Живы были в его памяти и несчастливые часы грустного прощания с любимой в саду Берты, когда он полагал, что потерял ее, может быть, навсегда. Каждое слово возлюбленной Георг помнил, будто она произнесла его лишь вчера, и удивлялся ее уверенности в грядущем счастье, когда будущее было покрыто мрачной завесой и не было ни малейшего проблеска надежды.
«Эта вера не обманула ее, — подумал юноша, взволнованный воспоминаниями. — В ее чистой душе живет святое чувство, которое способно провидеть будущее и возвещать счастье, что выпадет на нашу долю…»
Деликатный стук в дверь прервал размышления Георга. Это был разряженный в пух и прах Дитрих фон Крафт.
— Как? — удивился секретарь Ульмского совета, всплеснув руками. — Неужели вы собираетесь венчаться в этой куртке? Скоро девять часов. На лестницах и галереях уже разгуливают свадебные гости, разряженные в шелка и бархат, а вы, главная персона на этом празднике, смотрите безразлично в окно, вместо того чтобы позаботиться о подходящем костюме!
— Вон лежит свадебный наряд, — рассмеялся Георг. — Берет с перьями, плащ и куртка — все подготовлено лучшим образом, только я совсем не думал о том, что придется надевать на себя всю эту мишуру. Старая куртка мне дороже любой другой. Я в ней пережил тяжелые дни своей жизни, но одновременно и самые счастливые.

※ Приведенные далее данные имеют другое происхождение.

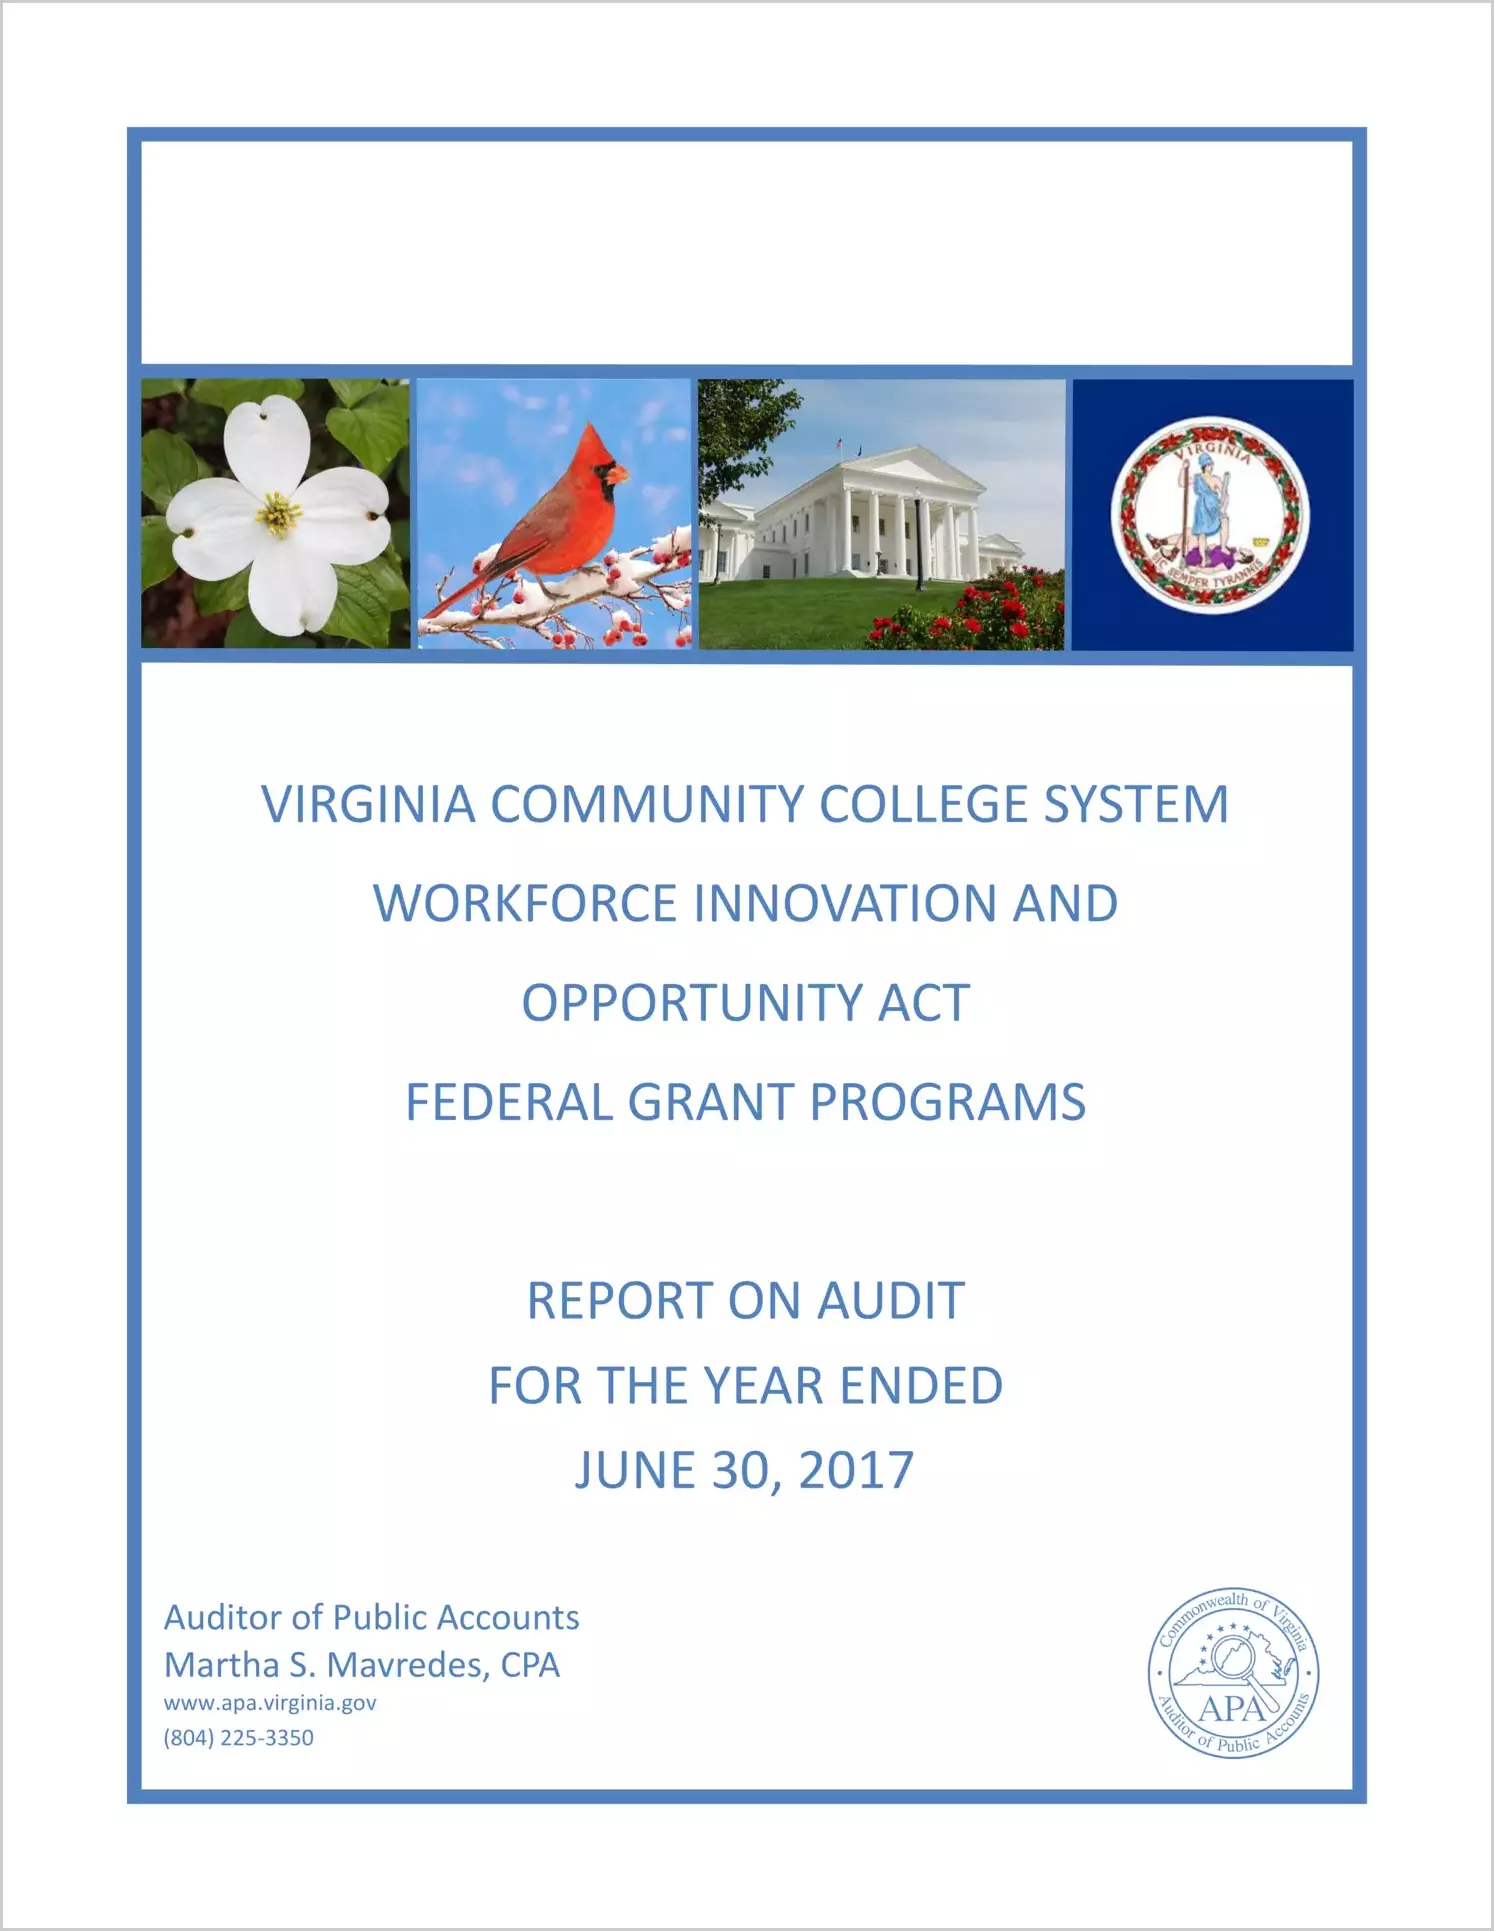 Virginia Community College System Workforce Innovation and Opportunity Act Federal Grant Programs for the year ended June 30, 2017

— Да-да! Вы носили ее в Ульме. Вспоминаю, как вас в этом голубом костюме Берта описывала так, что я почувствовал невольную ревность. Мишурой вы назвали свой новый наряд? Черт побери! Хотел бы я всю жизнь носить подобную мишуру! Белое платье, затканное золотом, голубой бархатный плащ! Ничего красивее я не видел. Вы выбирали все осмотрительно: такой наряд очень подойдет к вашим каштановым волосам.
— Герцог мне его прислал, — ответил Георг, одеваясь, — для меня это слишком дорого.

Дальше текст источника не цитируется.